> [WORK REQUIRED]
Give all of the data again exactly as written, omitting every image.

-- DATA PROVIDED follows --

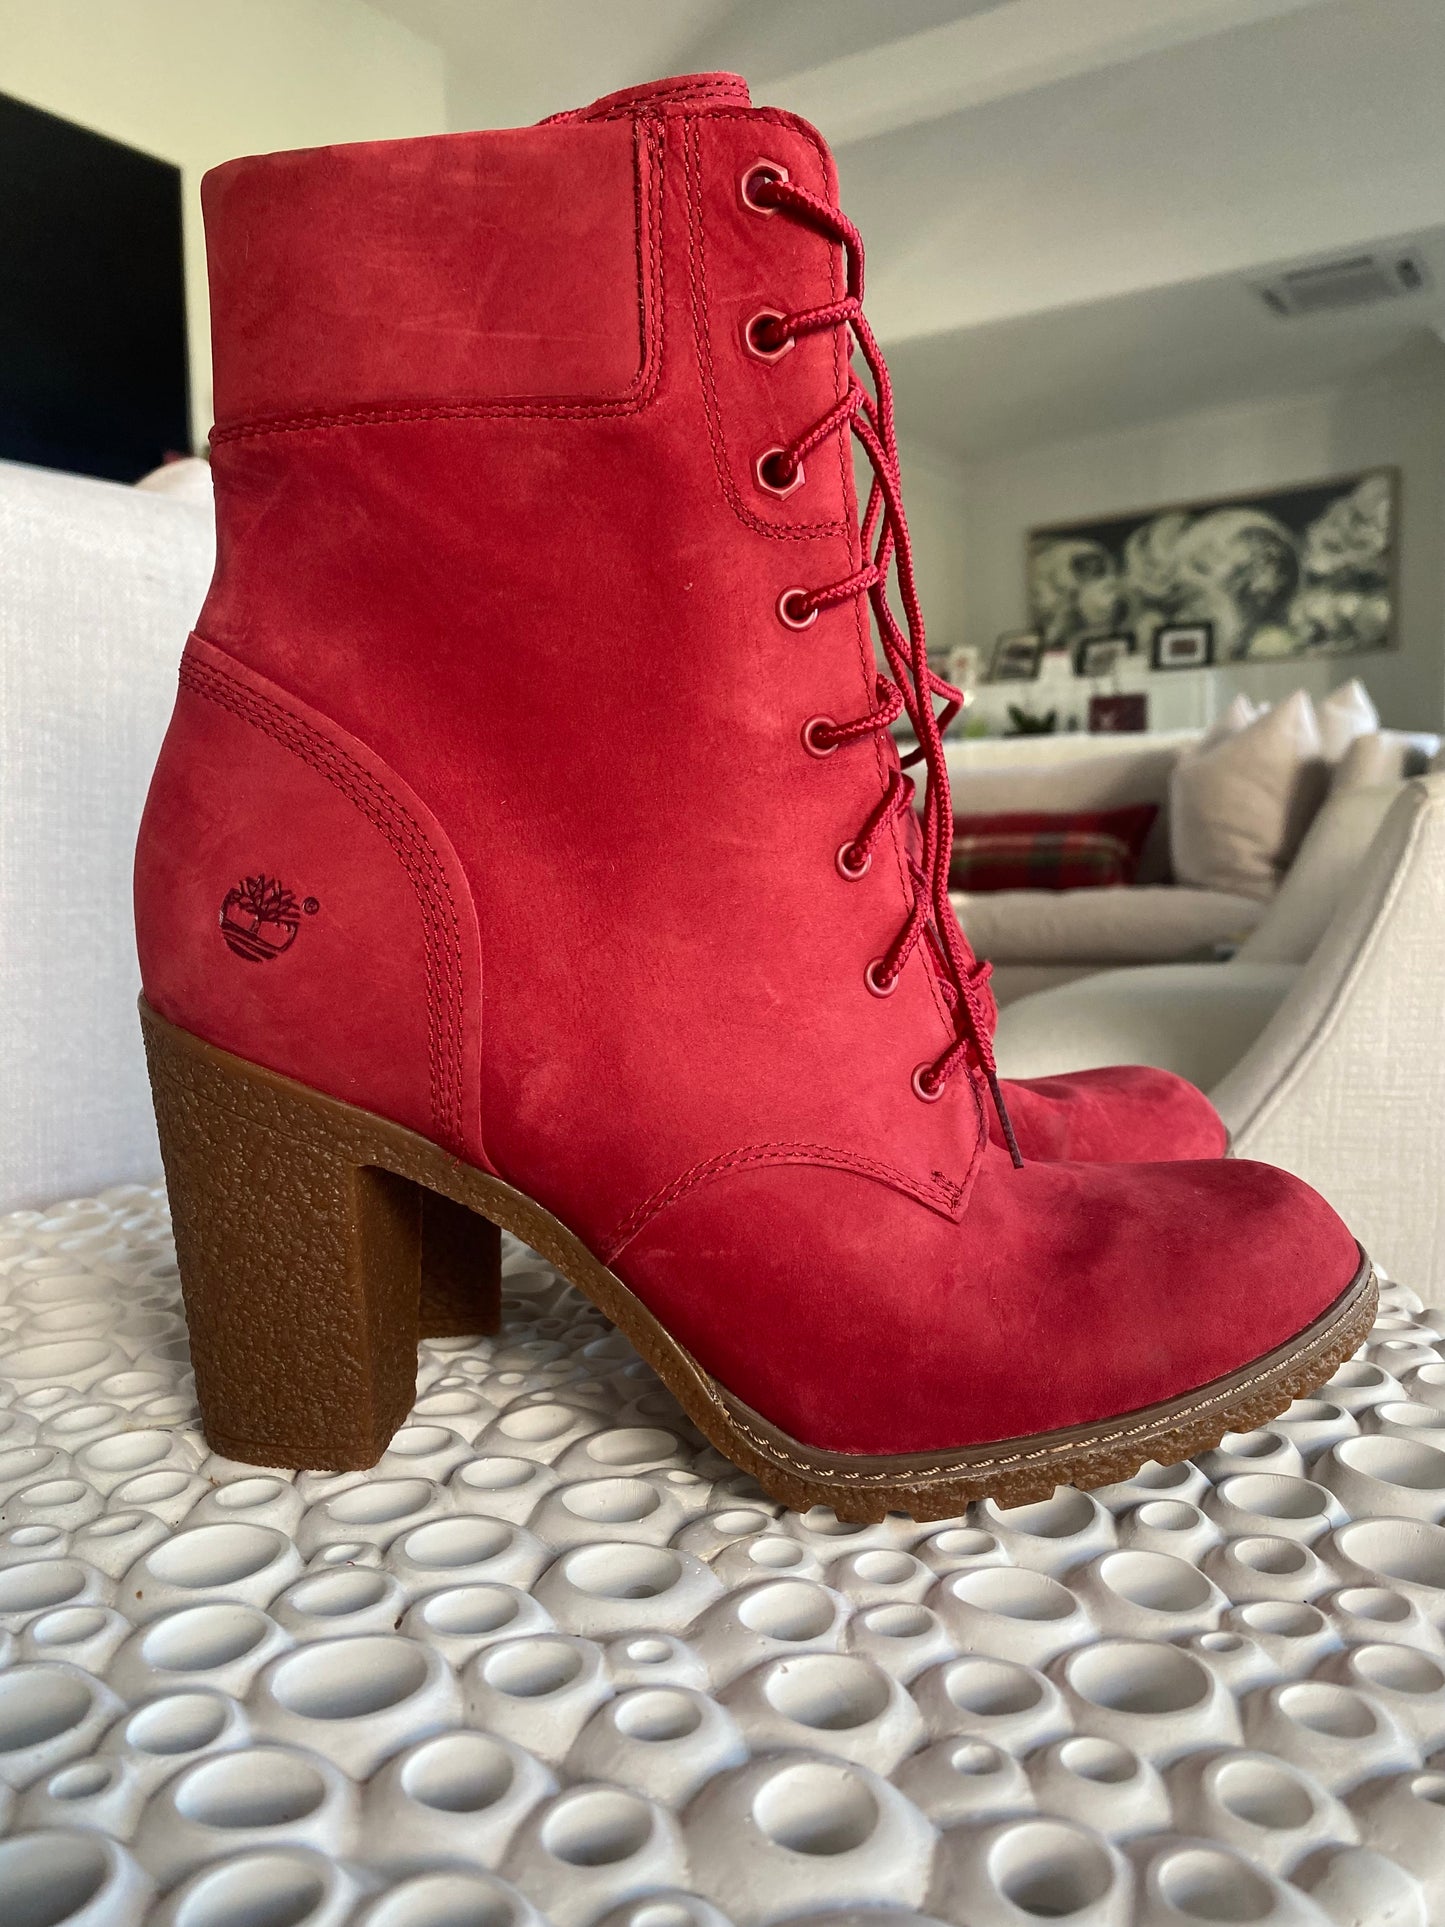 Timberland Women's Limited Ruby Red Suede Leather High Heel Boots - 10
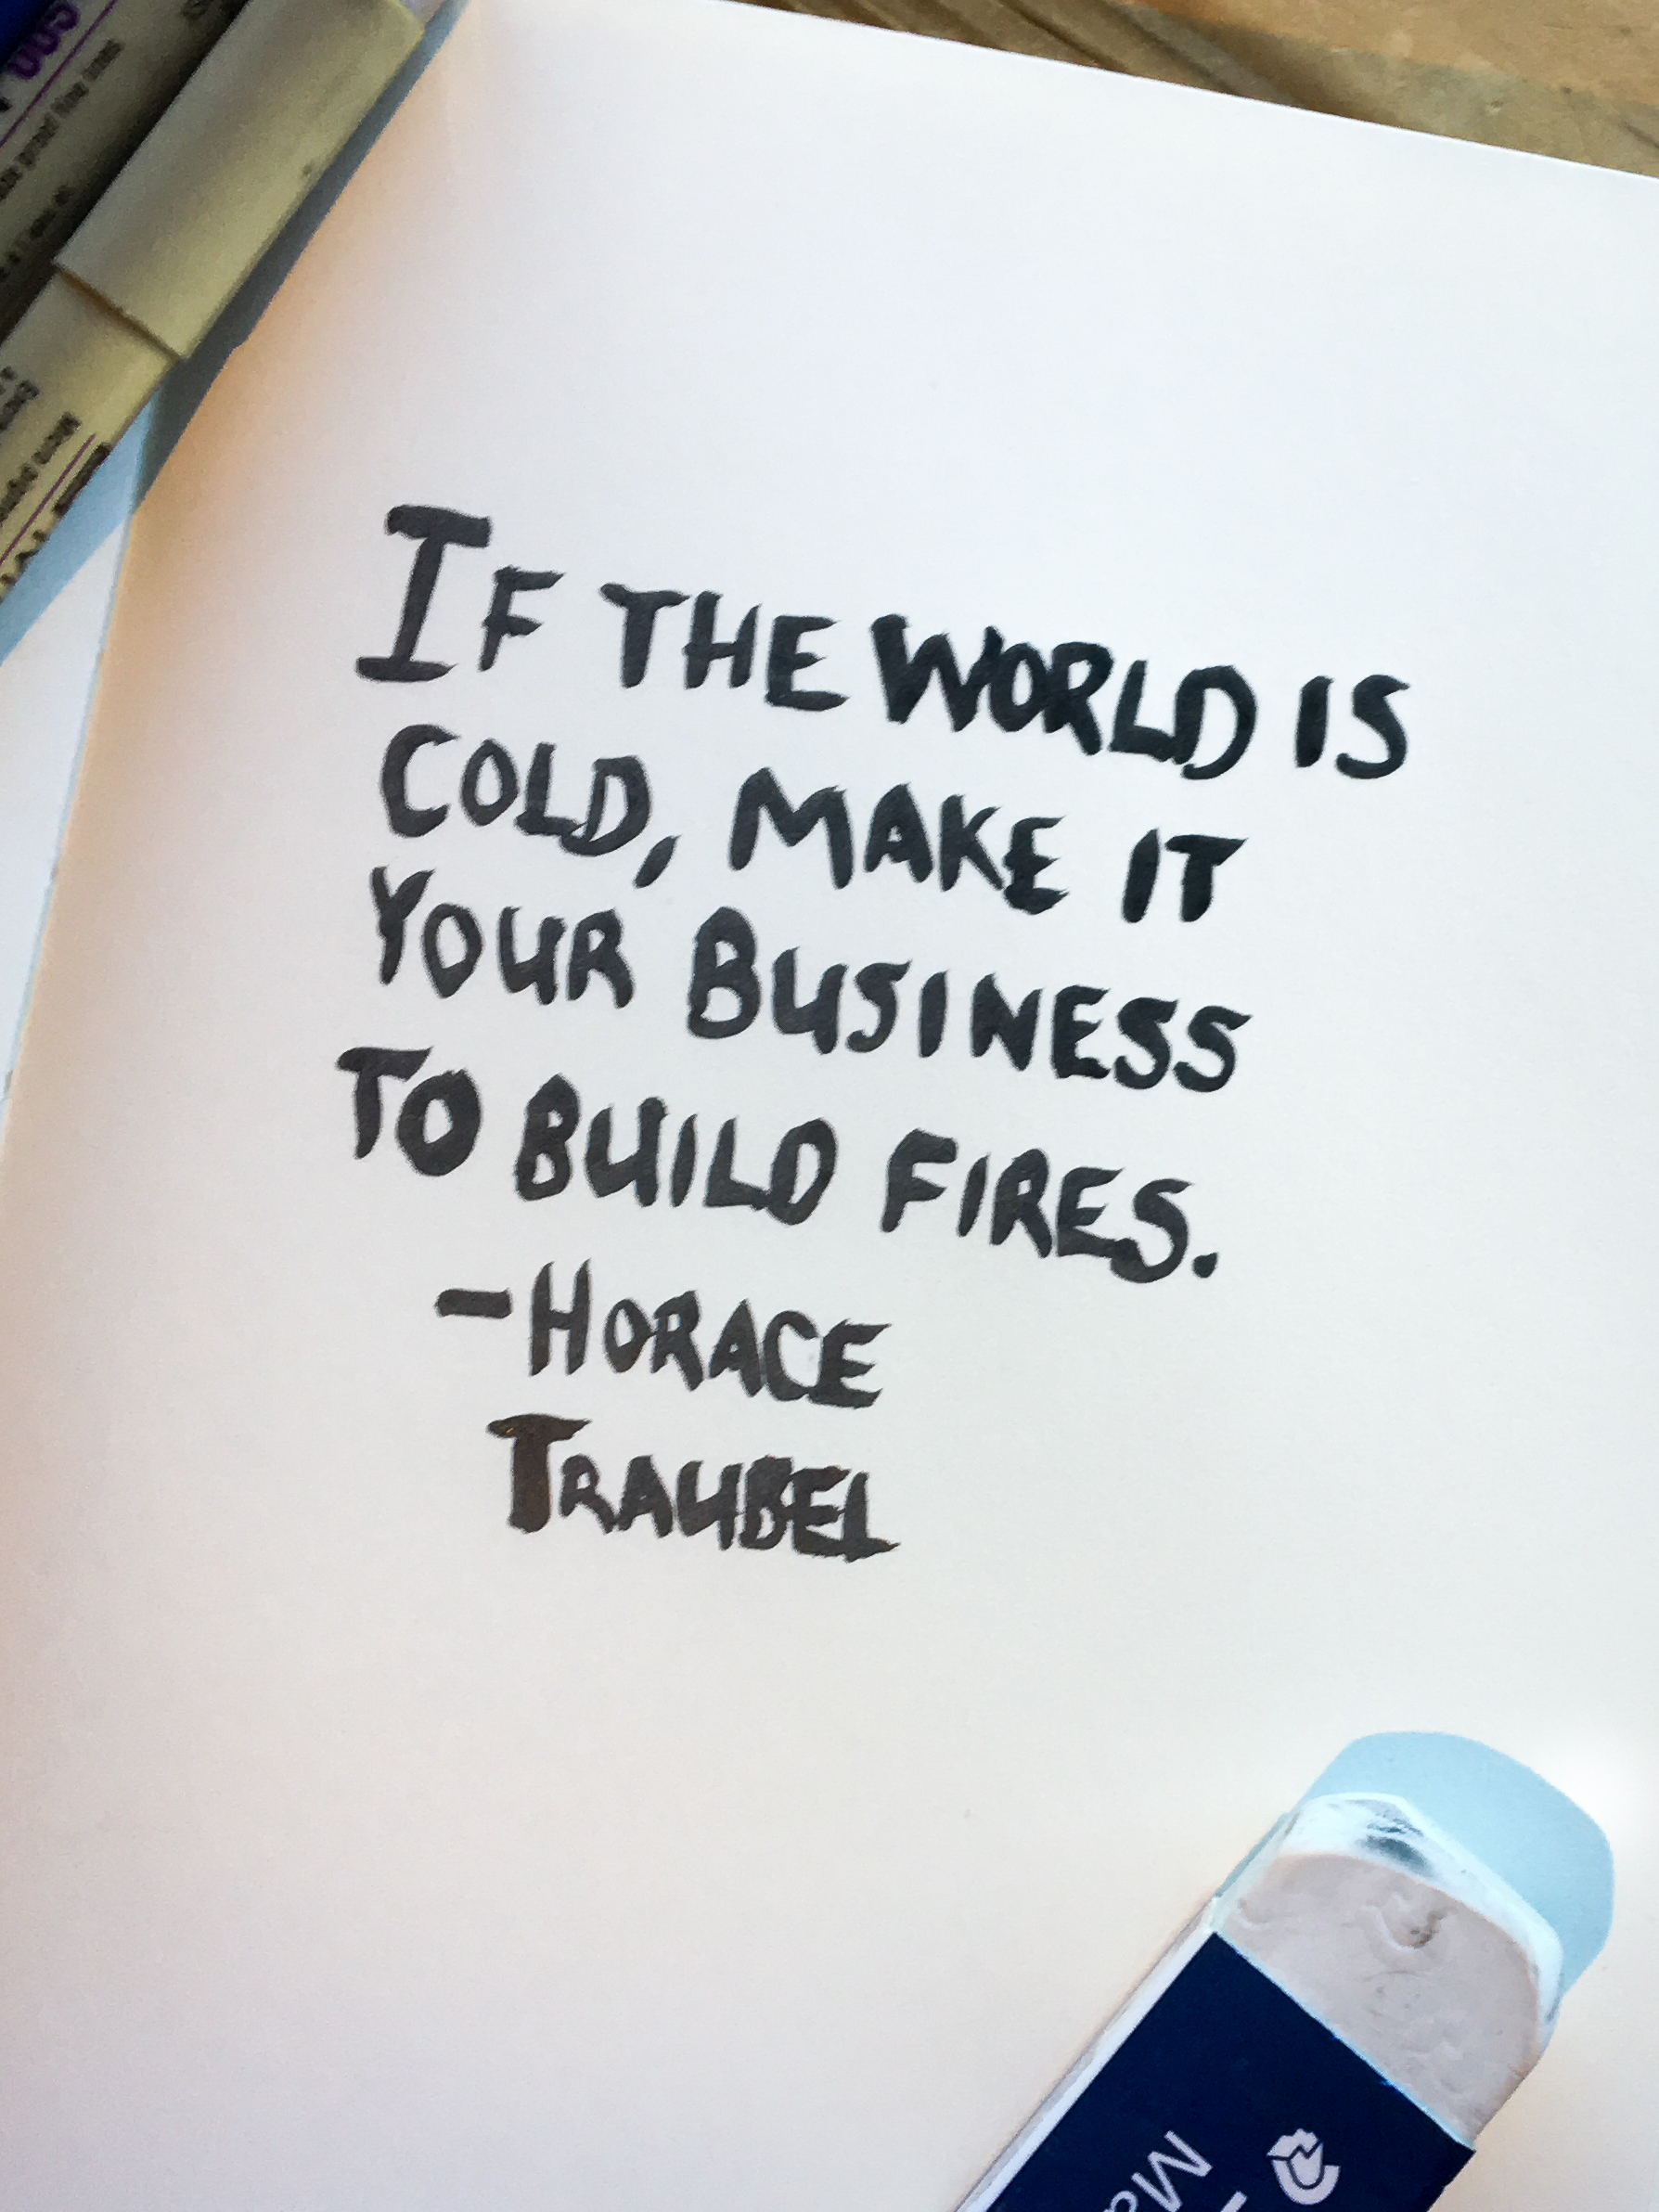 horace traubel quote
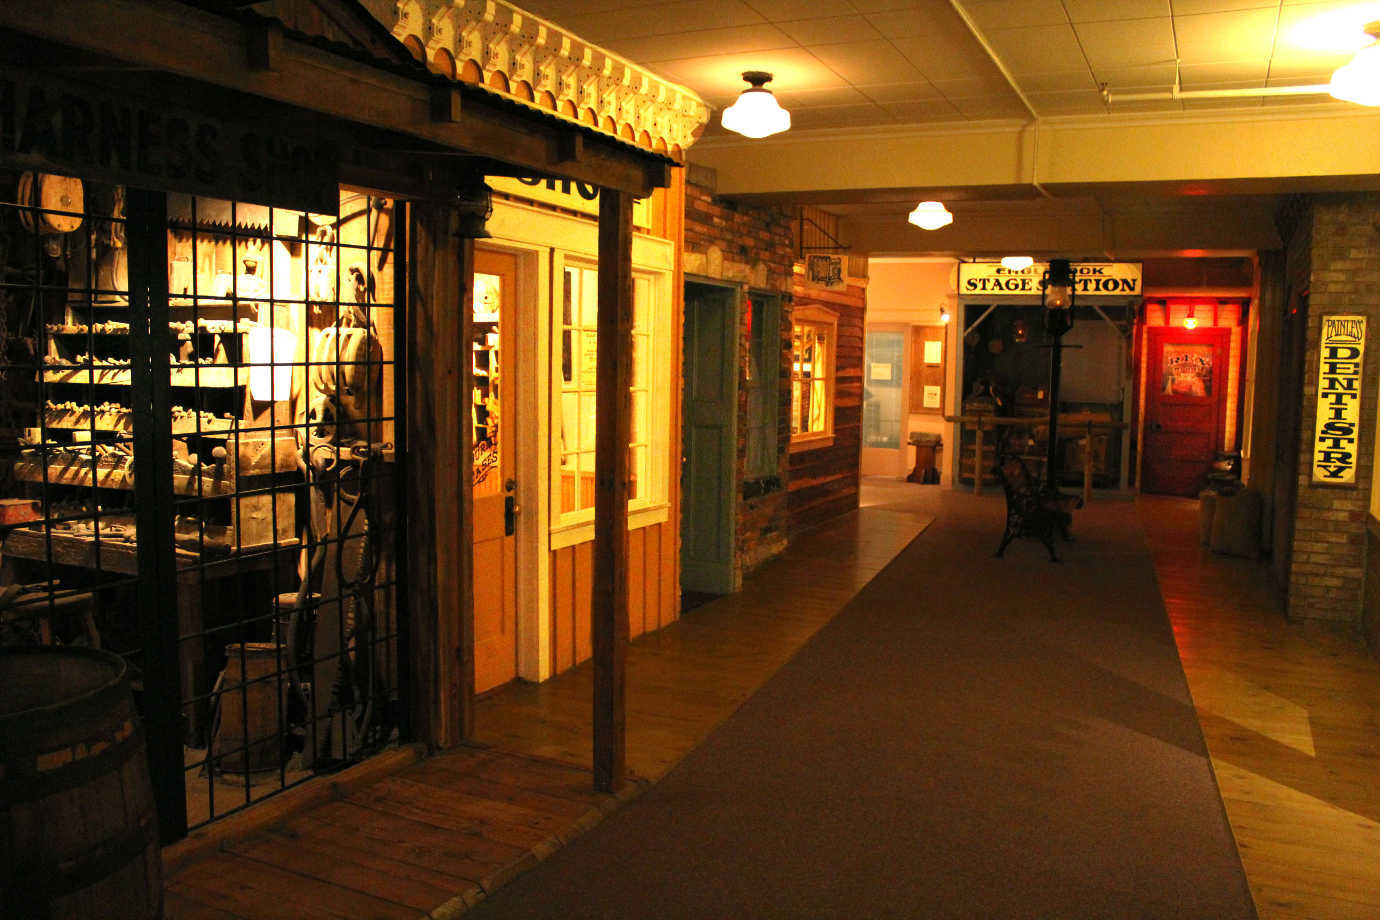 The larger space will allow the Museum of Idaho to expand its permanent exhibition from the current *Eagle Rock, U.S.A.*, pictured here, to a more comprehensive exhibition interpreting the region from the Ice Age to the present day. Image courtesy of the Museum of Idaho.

-- DATA PROVIDED concluded --

> [ANSWER TO THE EXERCISE]
 Timberland Women's Limited Ruby Red Suede Leather High Heel Boots - 10
 horace traubel quote
 The larger space will allow the Museum of Idaho to expand its permanent exhibition from the current *Eagle Rock, U.S.A.*, pictured here, to a more comprehensive exhibition interpreting the region from the Ice Age to the present day. Image courtesy of the Museum of Idaho.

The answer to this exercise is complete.